▸ EXERCISE DIRECTIONS
The answer must give back every line of the data exactly, with no pictures.

▸ PROVIDED MATERIAL
*** Begin section ***

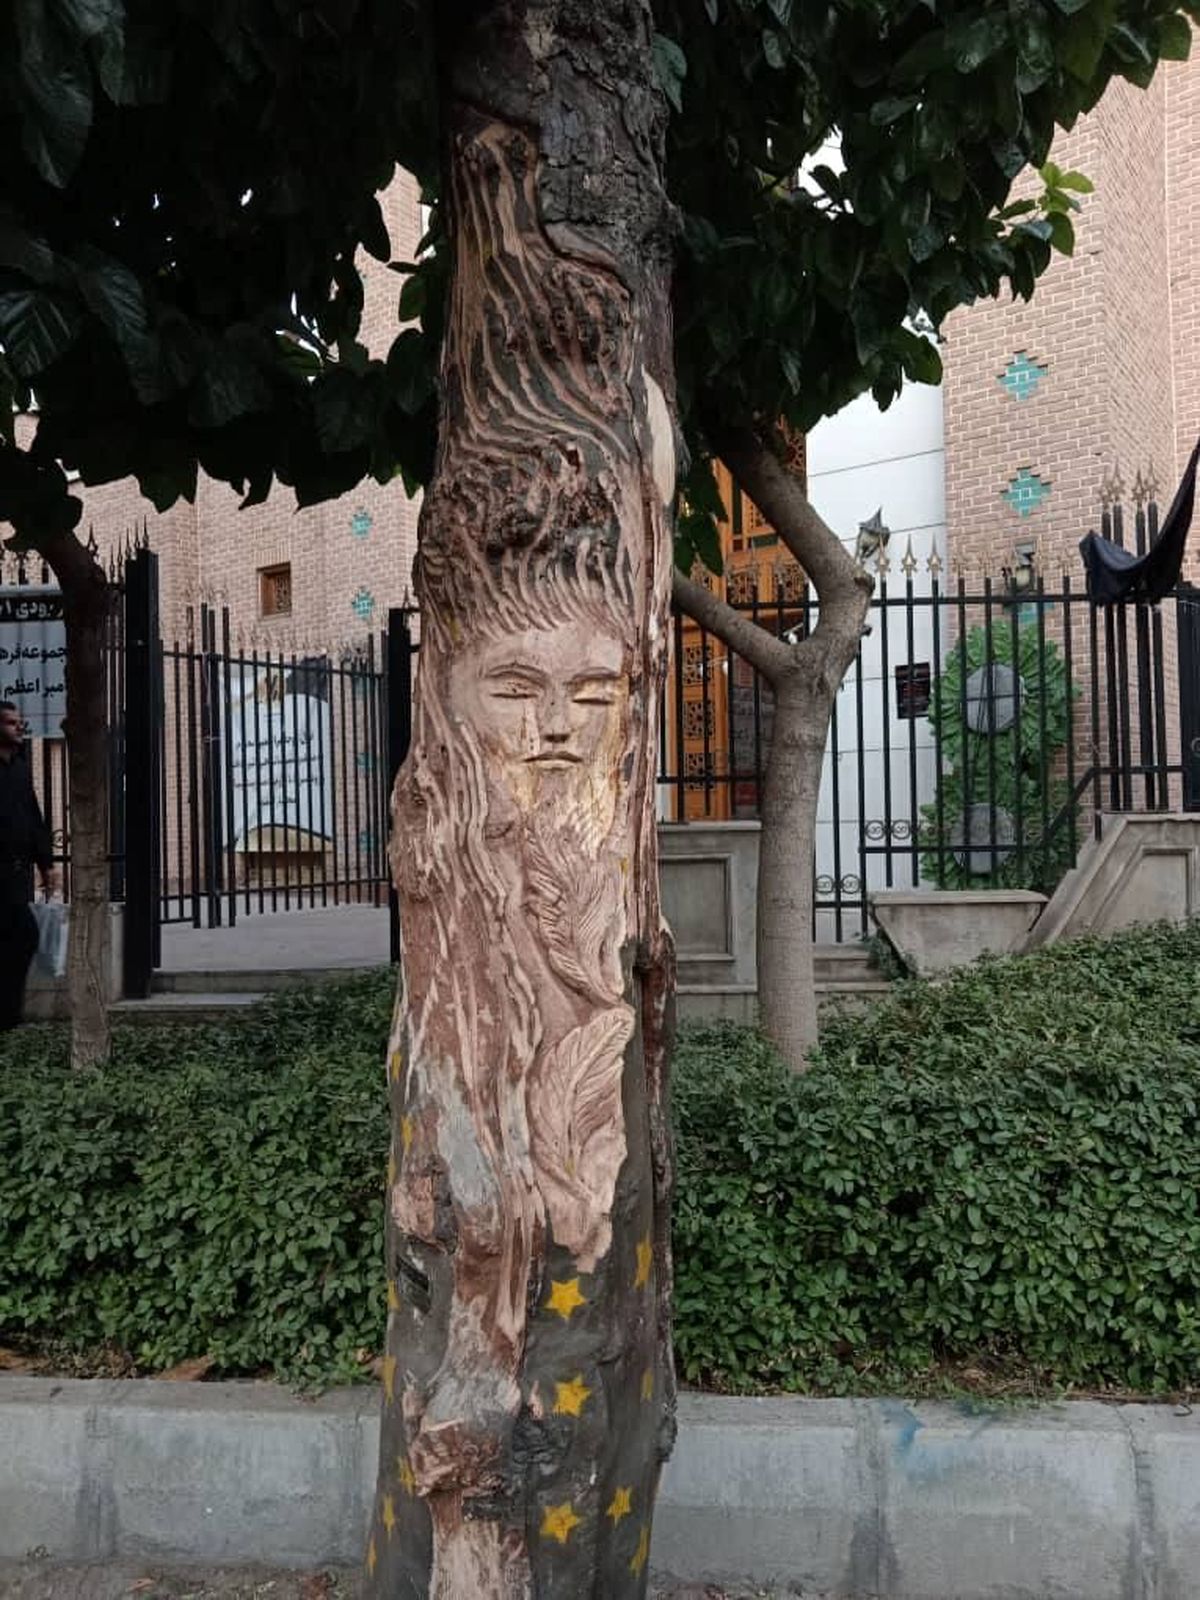 قطع یک درخت ۱۰۰ ساله  به خاطر نقش زن روی آن!+عکس
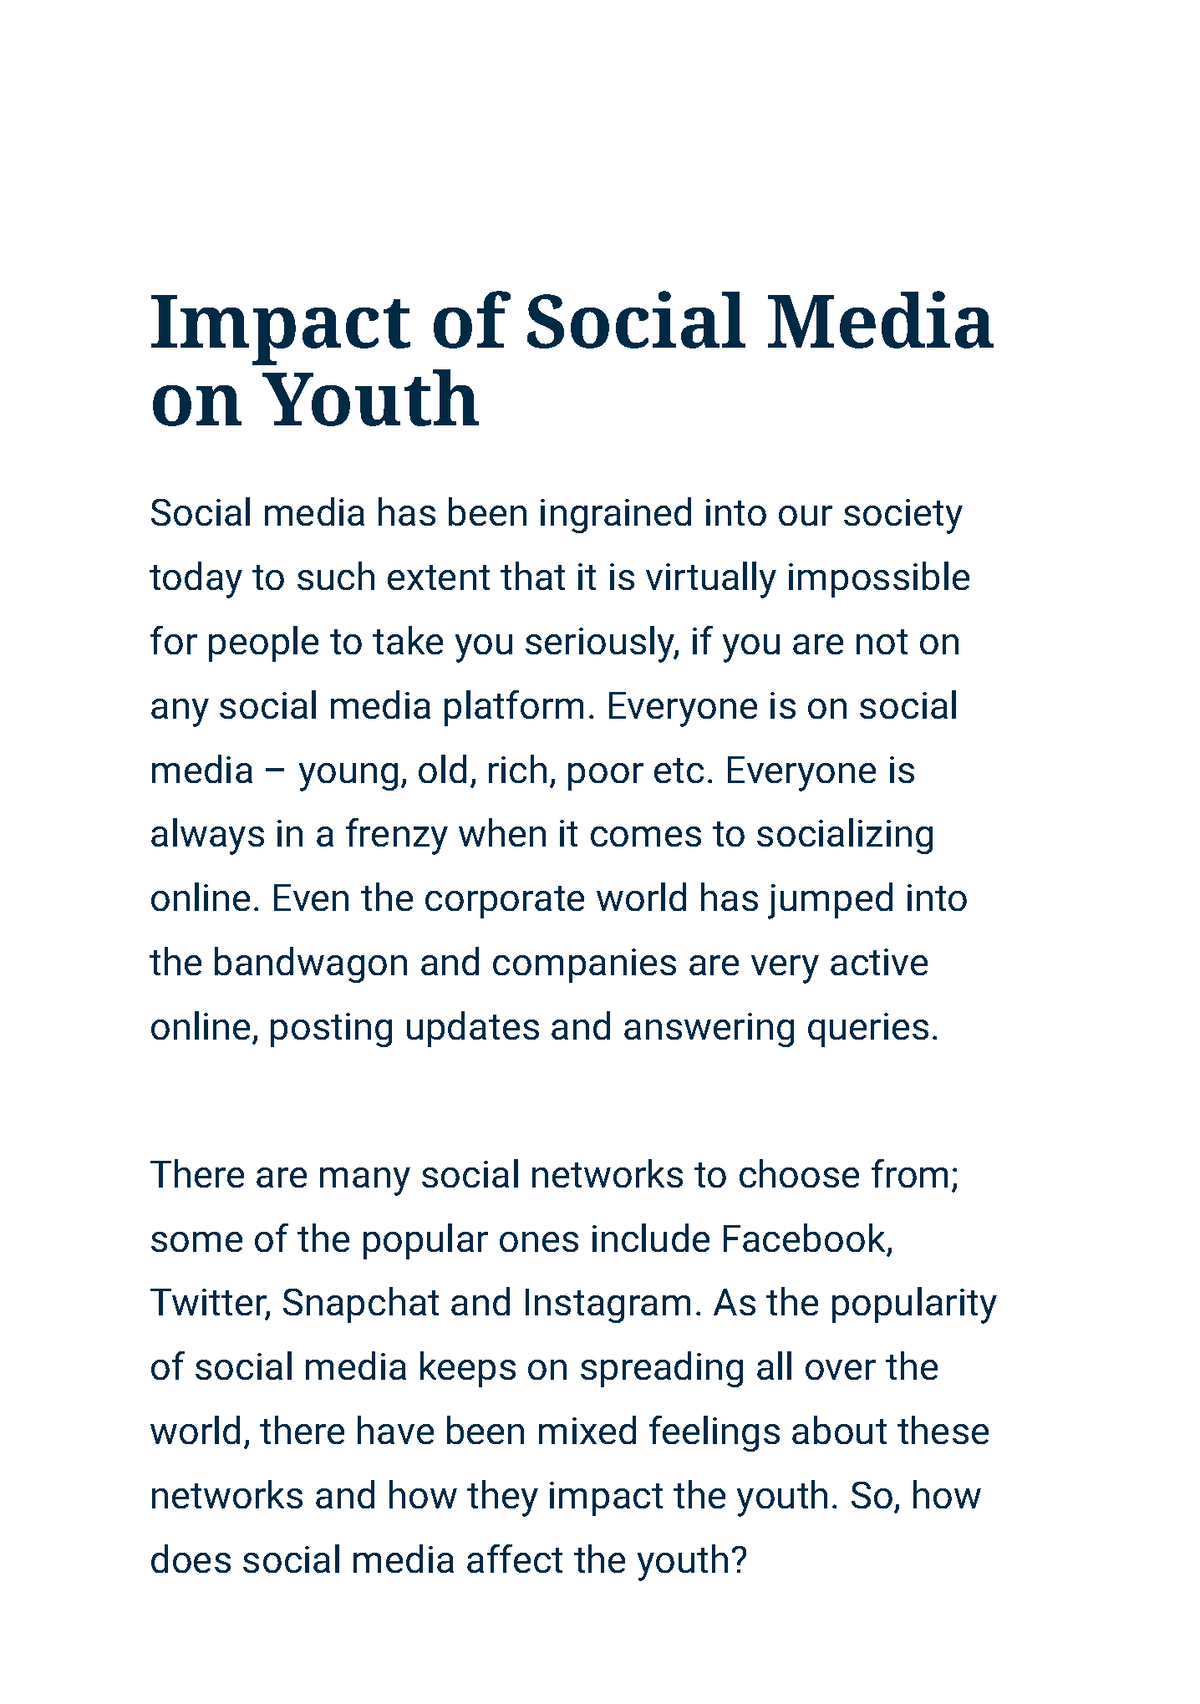 essay impact of social media
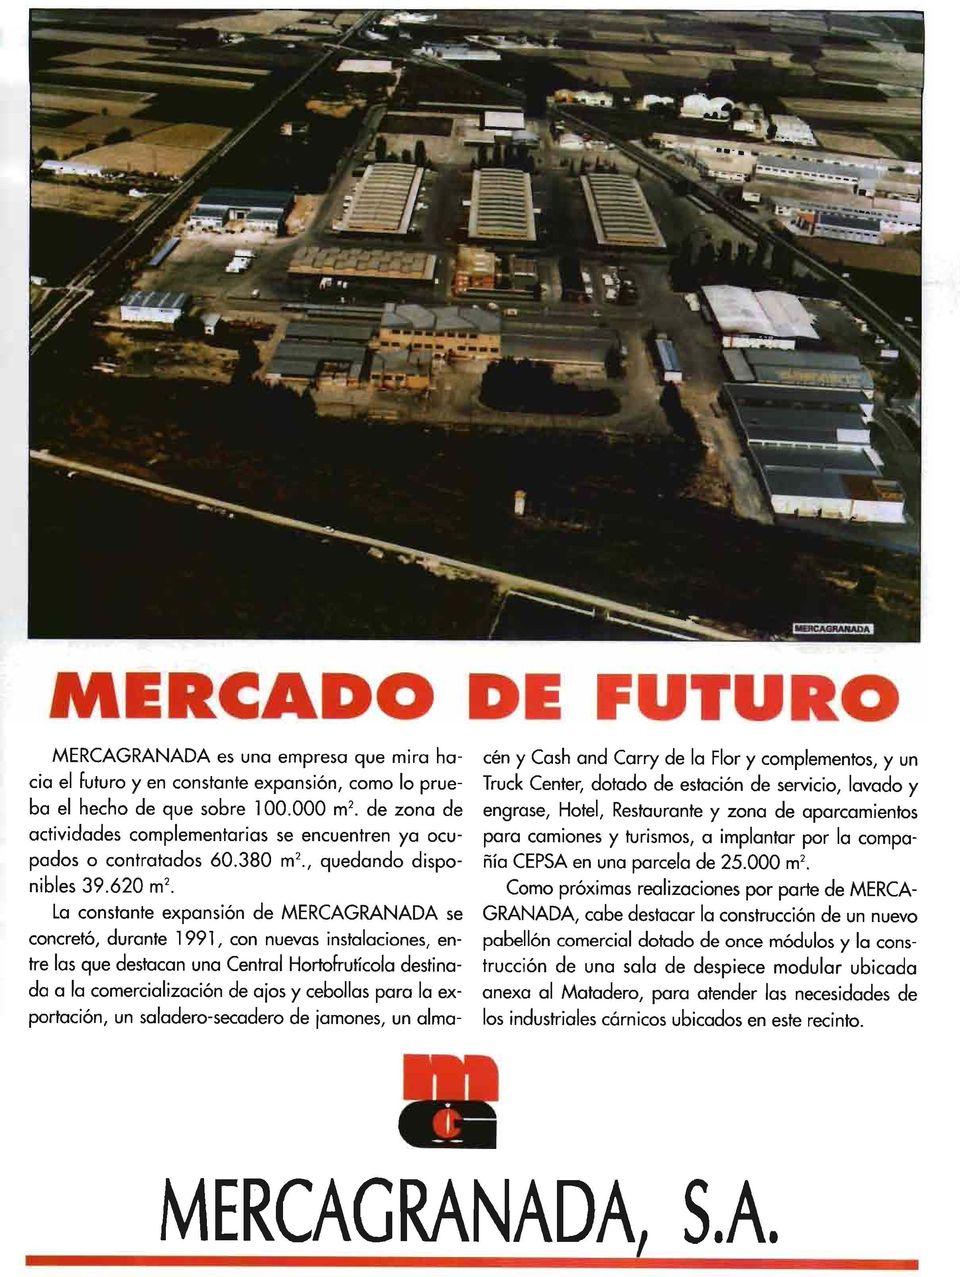 La constante expansión de MERCAGRANADA se concretó, durante 1991, con nuevas instalaciones, entre las que destacan una Central Hortofrutícola destinada a la comercialización de ajos y cebollas para
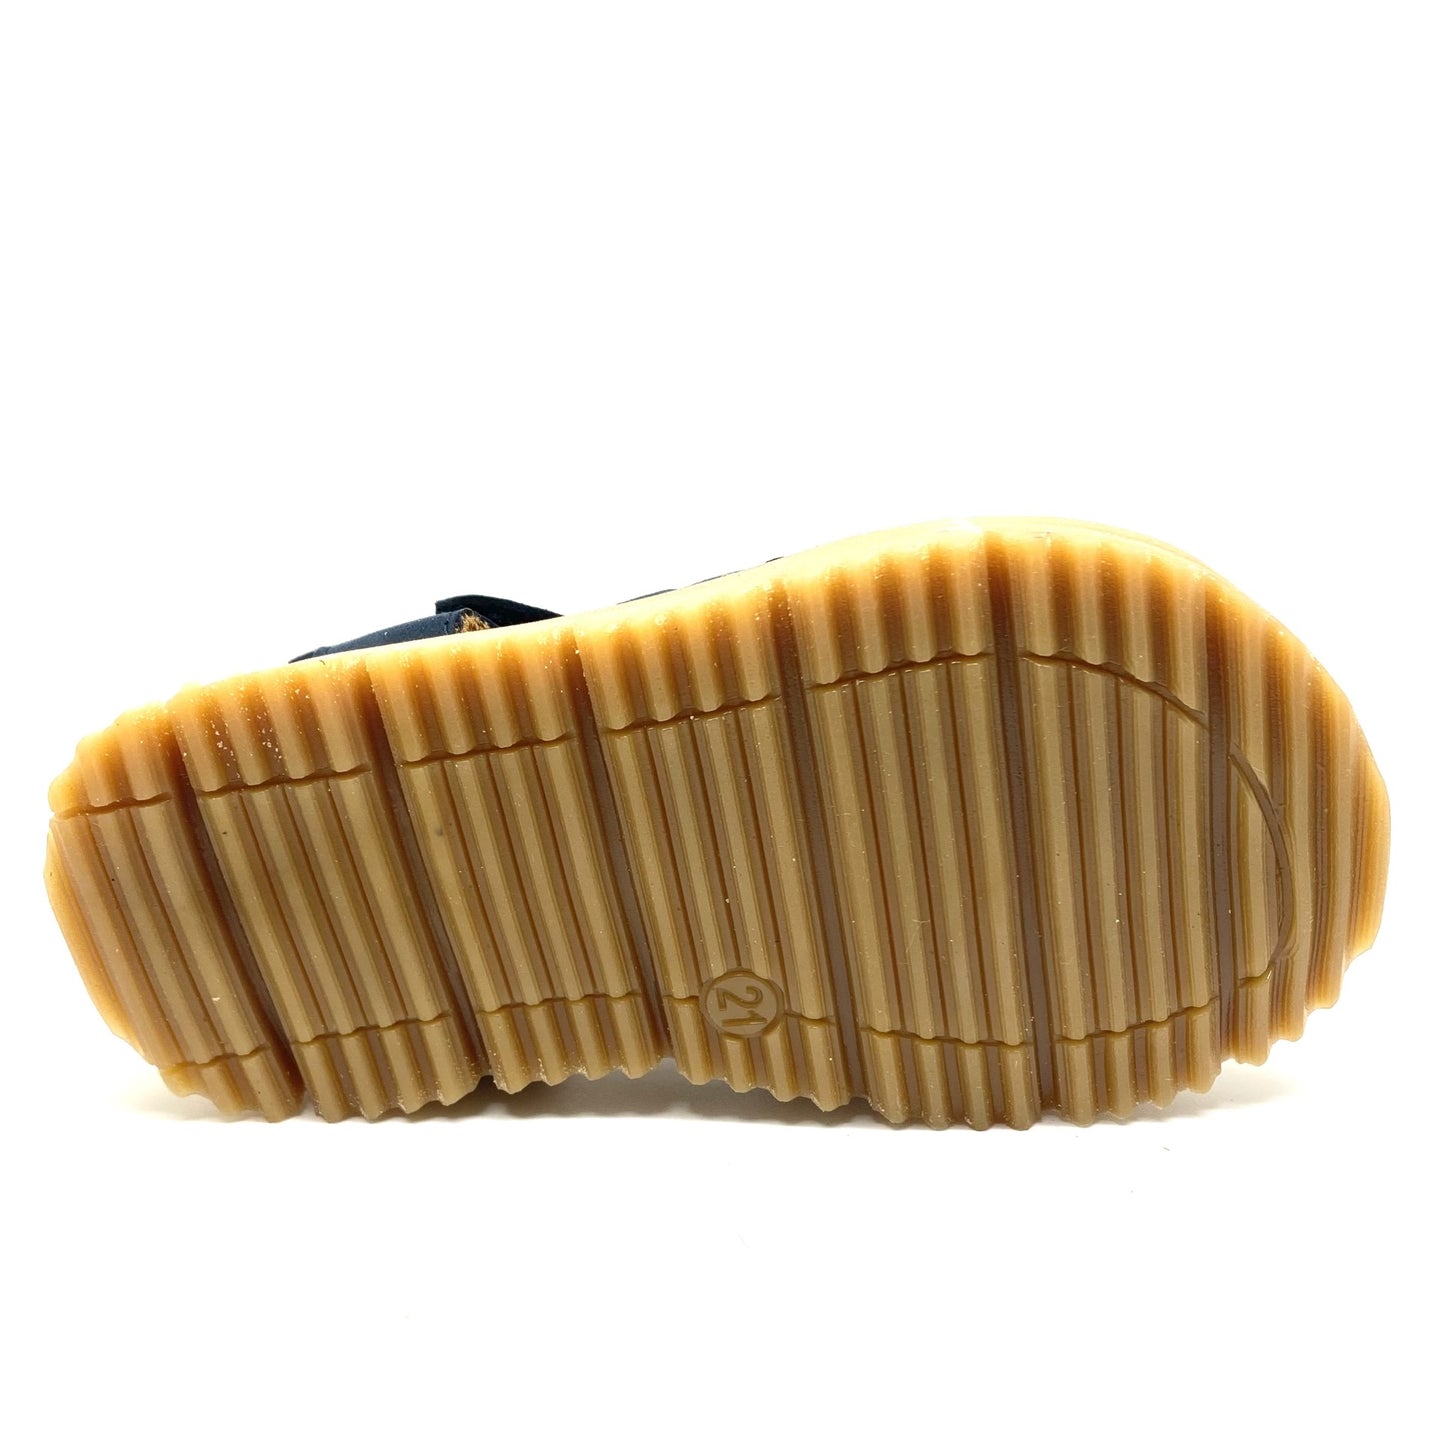 Zecchino D'oro sandaal met gesloten tip.

*** End section ***

▸ SOLUTION TO THE EXERCISE
 قطع یک درخت ۱۰۰ ساله  به خاطر نقش زن روی آن!+عکس
 essay impact of social media
 La constante expansión de MERCAGRANADA se concretó, durante 1991, con nuevas instalaciones, entre las que destacan una Central Hortofrutícola destinada a la comercialización de ajos y cebollas para
 Zecchino D'oro sandaal met gesloten tip.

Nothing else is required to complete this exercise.